Question

In $10 s$, a charge of $25C$ leaves a battery and $200J$ of energy are delivered to an outside circuit as a result.
(a) What is the p.d. across the battery?
(b) What current flows from the battery?

Answer 1

In the given question we have to find the potential difference which is the amount of work done when a charge flows through it. Current is defined as the charge per unit time. So, by putting the values of charge and time we will find the current flowing from the battery.

Formula Used:
$V = \dfrac{W}{q}$
where $V$ is the potential difference, $W$ is the work done and $q$ is the charge flowing.

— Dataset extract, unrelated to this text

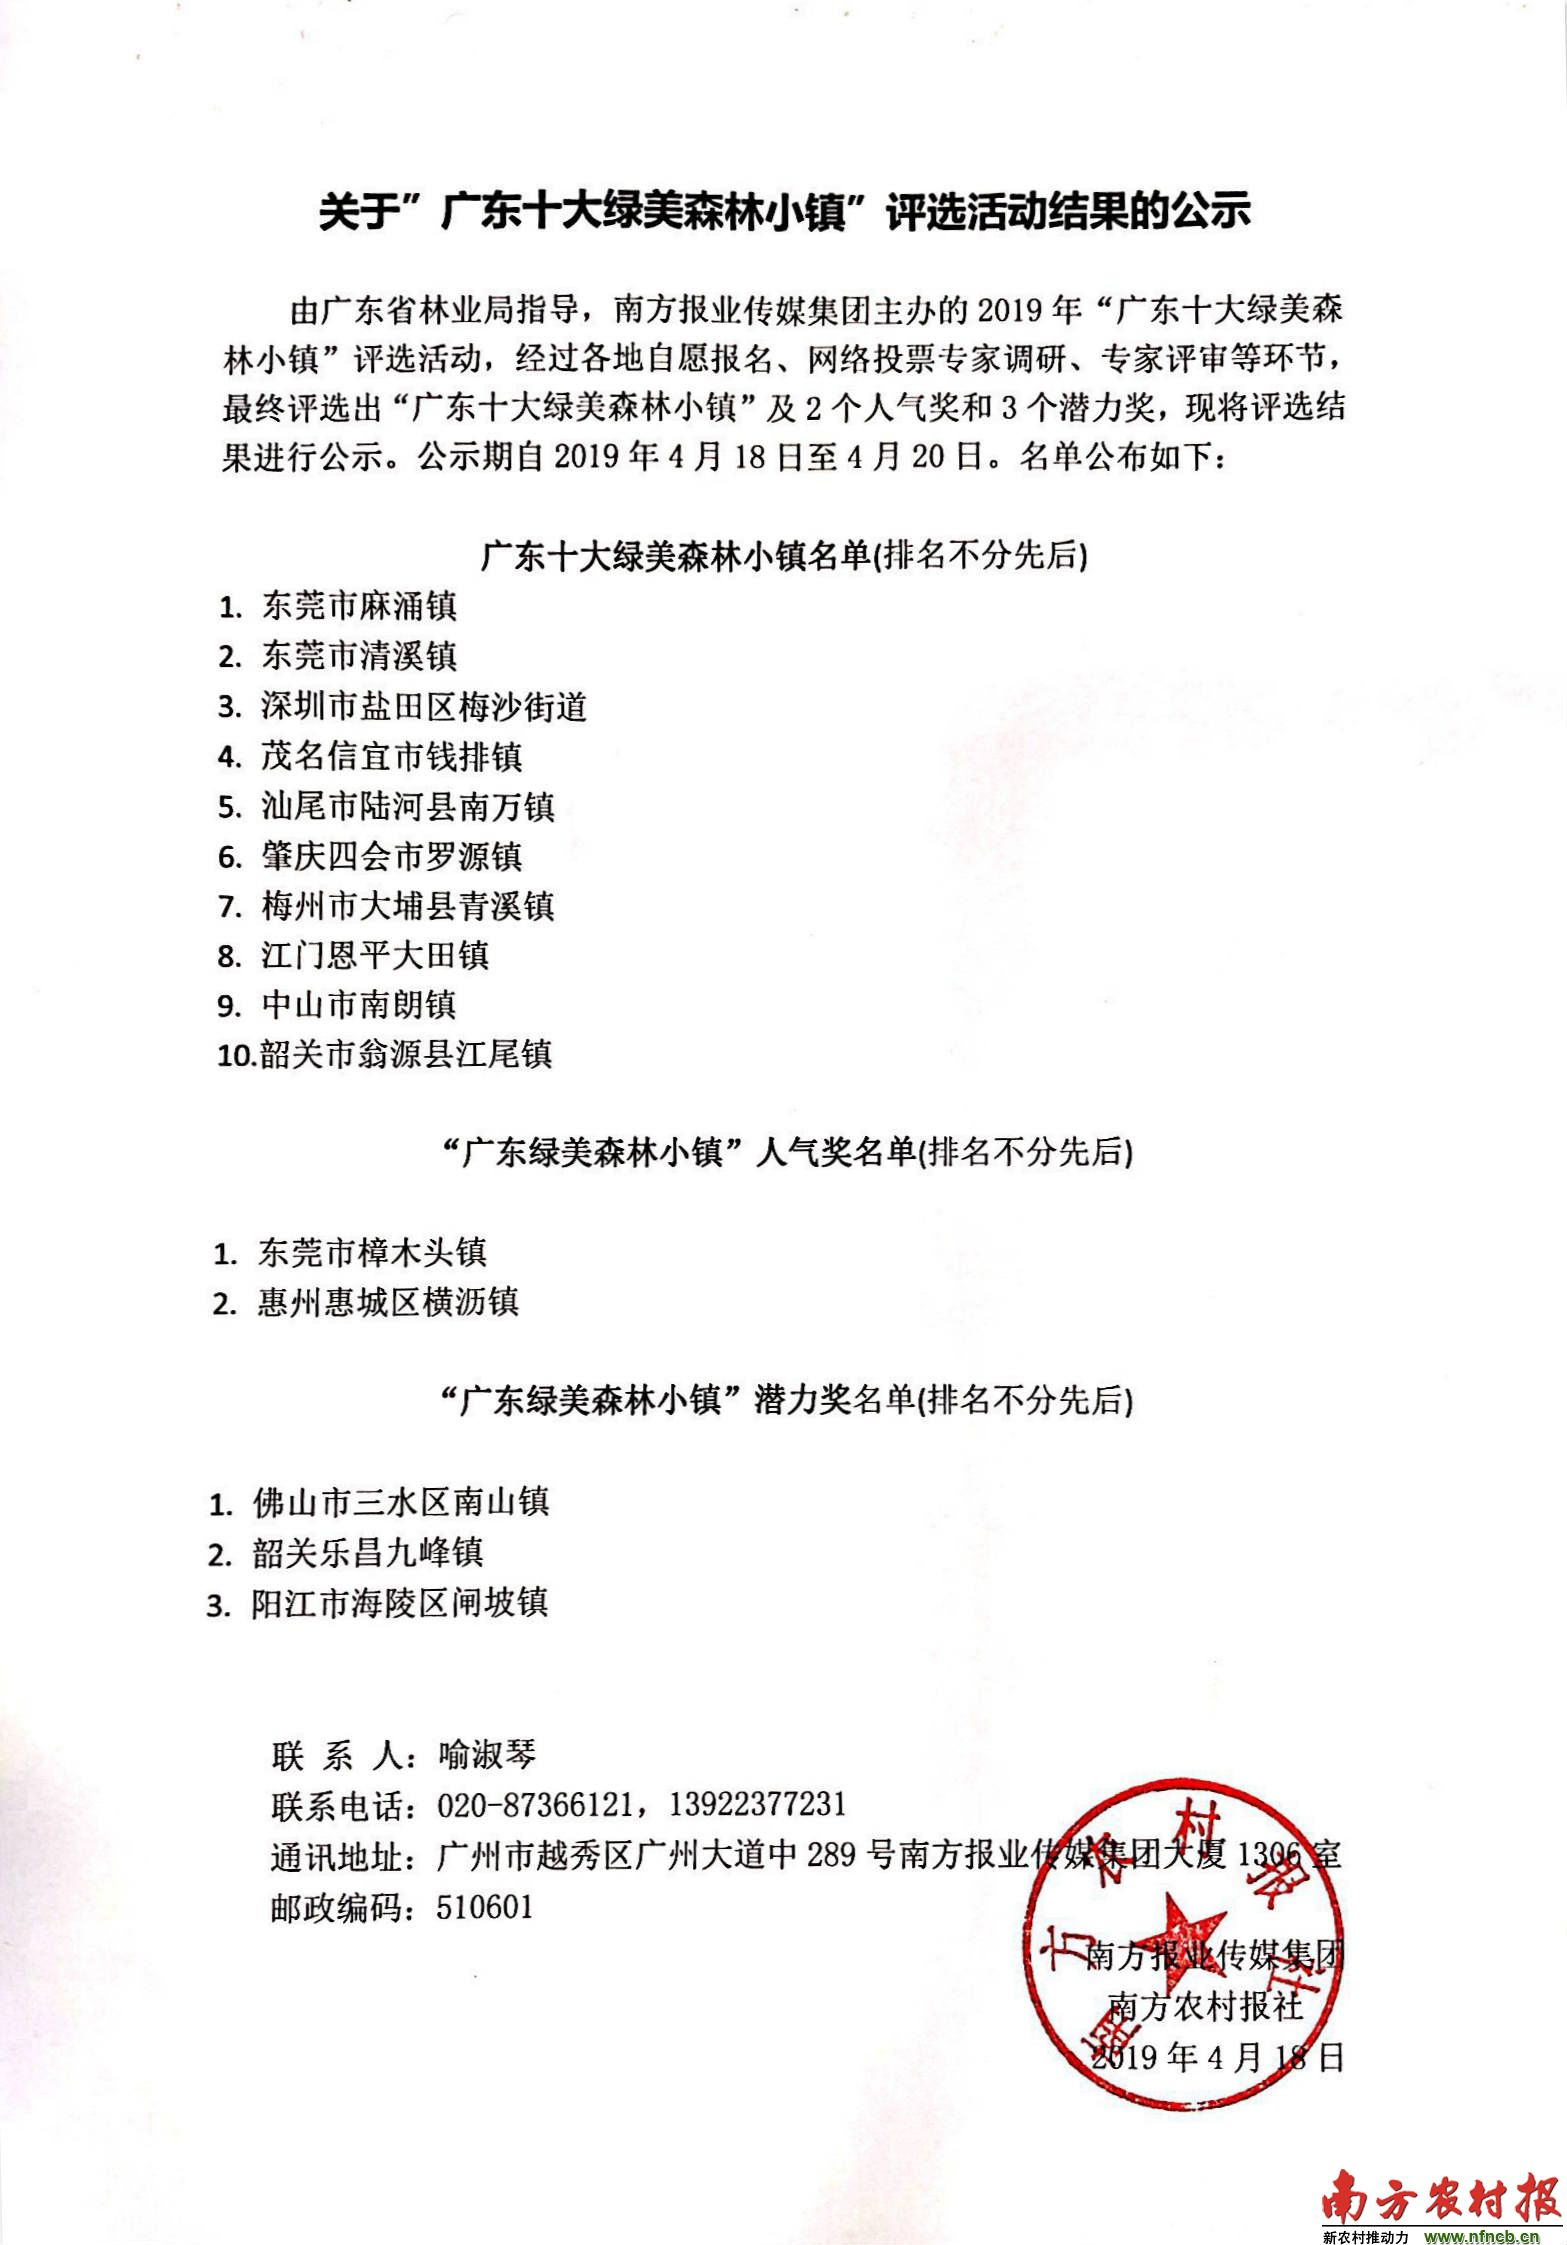 """公示丨""""广东十大绿美森林小镇""""评选活动结果出炉"""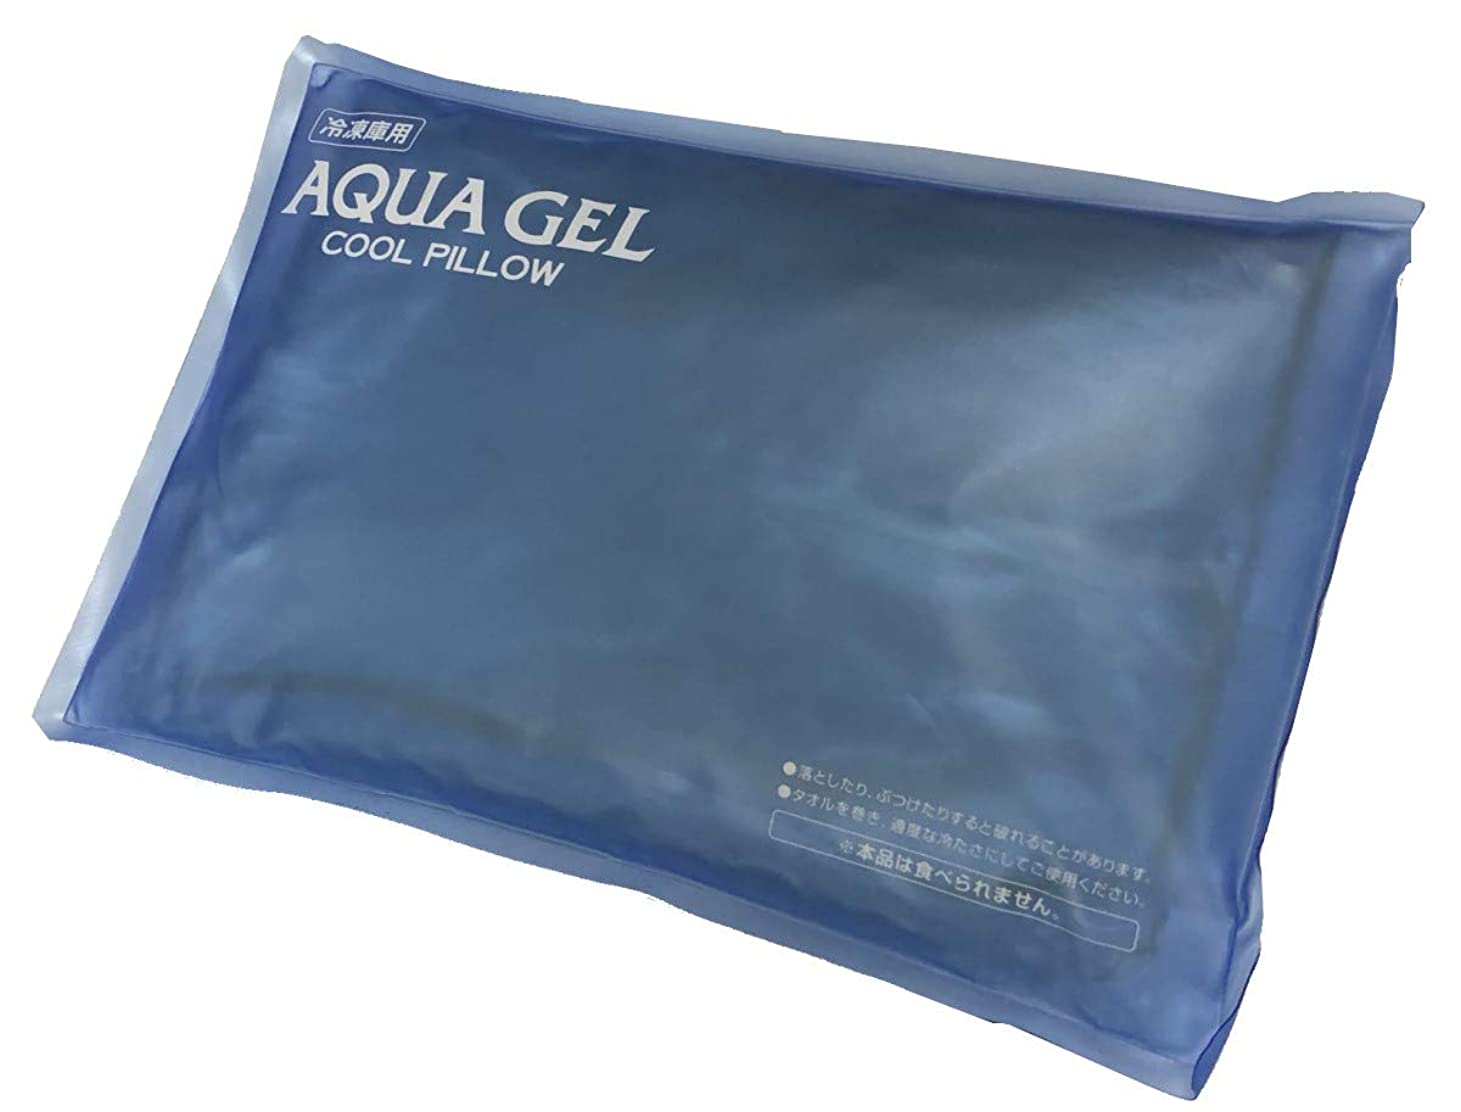 介入するゴム伝染性紀陽除虫菊 クラッシュゼリー アイス枕 凍らない冷凍枕 AQUA GEL K-2359 【まとめ買い2個セット】

Potential difference is also defined as the multiplication of current and resistance.
$V = IR$
$\Rightarrow i = \dfrac{q}{t}$
where $q$ is the charge, $i$ is the current flowing and $t$ is time.

Complete step by step answer:
(a) We know that,
$V = \dfrac{W}{q} - - - - \left( a \right)$ where $V$ is the potential difference, $W$ is the work done and $q$ is the charge flowing.
In the given question the values of $W$, $q$ is given,
$W = 200{\text{ }}J$ and $q = 25{\text{ }}C$
Thus by substituting the values in equation $\left( a \right)$ we get,
$\therefore V = \dfrac{{200}}{{25}} = 8\,volt$

So, the p.d. (potential difference) across the battery is $8{\text{ }}volt$.

(b) We know that,
$q = it$ where $q$ is the charge, $i$ is the current flowing and $t$ is time.
By cross-multiplication we get,
$i = \dfrac{q}{t} - - - - \left( b \right)$
Substituting the values of $q = 25{\text{ }}C$ and $t = 10{\text{ }}s$ in equation $\left( b \right)$ we get,
$\therefore i = \dfrac{{25}}{{10}} = 2.5{\text{ }}A$

So, the current that flows from the battery is $2.5{\text{ }}A$.

Note: We know that potential difference is defined as the amount of work done when unit charge flows through it. The question has emphasized that the energy is given outside the battery which implies that the work is being done by the body. And current is defined as the charge that flows through the conducting medium in unit time.